Long soft couches, a bar, and a very large sound system make this an ideal media room. Jimi is sitting close to the view screen, and furiously writing on a scrap of paper.

 

Dee, “What’s up Jimi?”

Jimi, “I wish I could’a been here when I wrote 3rd stone from the sun, man. I just came up with great lyrics.”

Jim, “You might want to check some other view. The image comes from a Time Bubble and you can send it anywhere you’d like.”

Syd, “If that’s true, why do we need to go to the Big Bang? Why not just send a probe to get better pictures?”

Dee, “Because!”

Jim, “I think what Dee means, is that there’s no substitute for being there. How many people could say they’ve been to the dawn of Creation, seen the Devil's Eye, literally been to Hell and come back alive. Of course we won’t be able to tell anyone!”

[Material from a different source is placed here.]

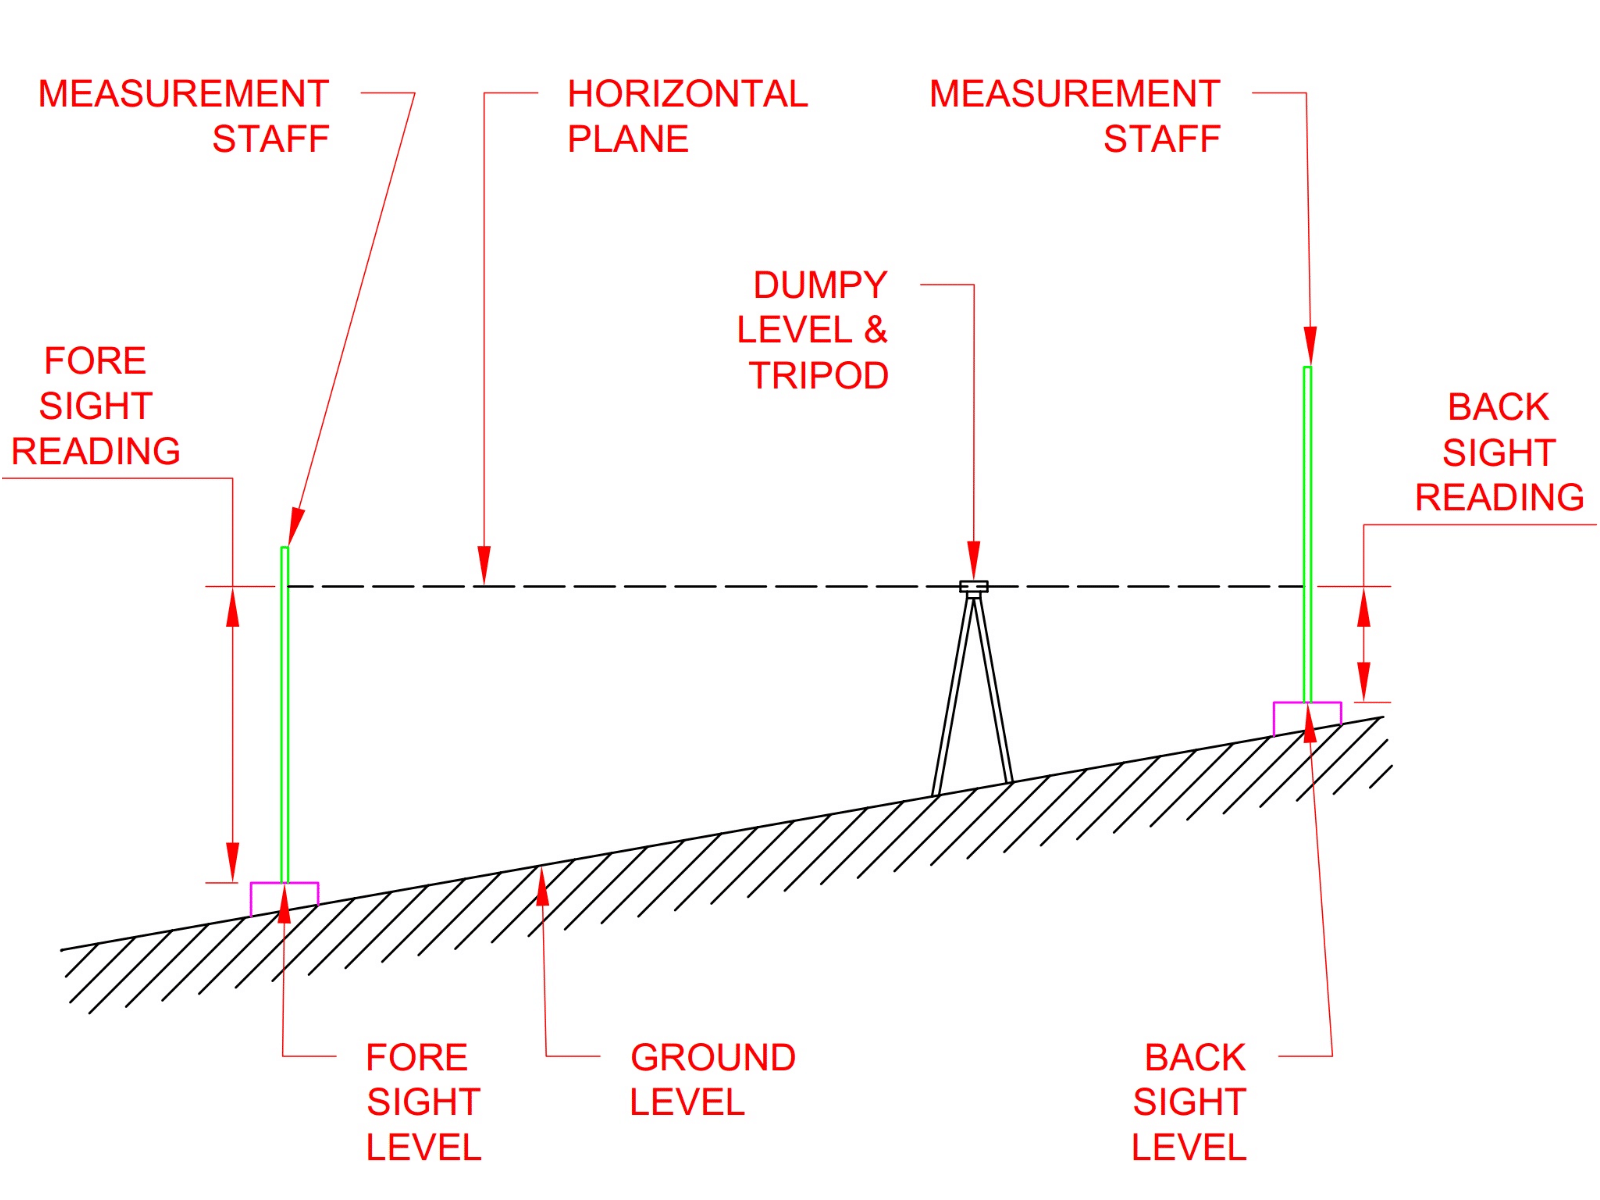 Dumpy level surveying principles diagram

Dee, “There are a few other things we want to do. I’d very much like to get a bit of a view of human history, what happens to Earth, and to the people.”

Syd, “Well, you could certainly just dial that up on the screen…”

Dee, “I’m going along for the ride, I have to. There are things I want to do, that can’t be done by a remote probe.”

Jim and Syd, “What?”

Dee, “I’ll tell you later, let’s focus on the first two goals. I want to take a trip. I’d like to go to Earth 100 years from now. I want to spend a bit of time there incognito, and learn something about our people’s future. Ever since reading The Time Machine I’ve wanted to know. Now I can. We can. Then, I want to watch as the Earth ages, right through until it no longer exists. We’ll have to follow the path of the planet through space, and stay in a slower time frame. It should be astonishing. I have no idea what to expect.”

Jim, “And the second goal is the Big Bang. We want to experience it first hand. We’ve purposely avoided stopping to see it so far in our travels. We want it to be a special experience. But, is Jimi coming?”

Dee, “It’s up to him…”

Syd, “And the 3rd goal? I’m not coming unless you tell me!”

Dee, “I want to pick up a copy of the very first issue of Mad Magazine, straight off the presses, or from a newsstand in New York, on the day it came out. I’ve always wanted to own it.”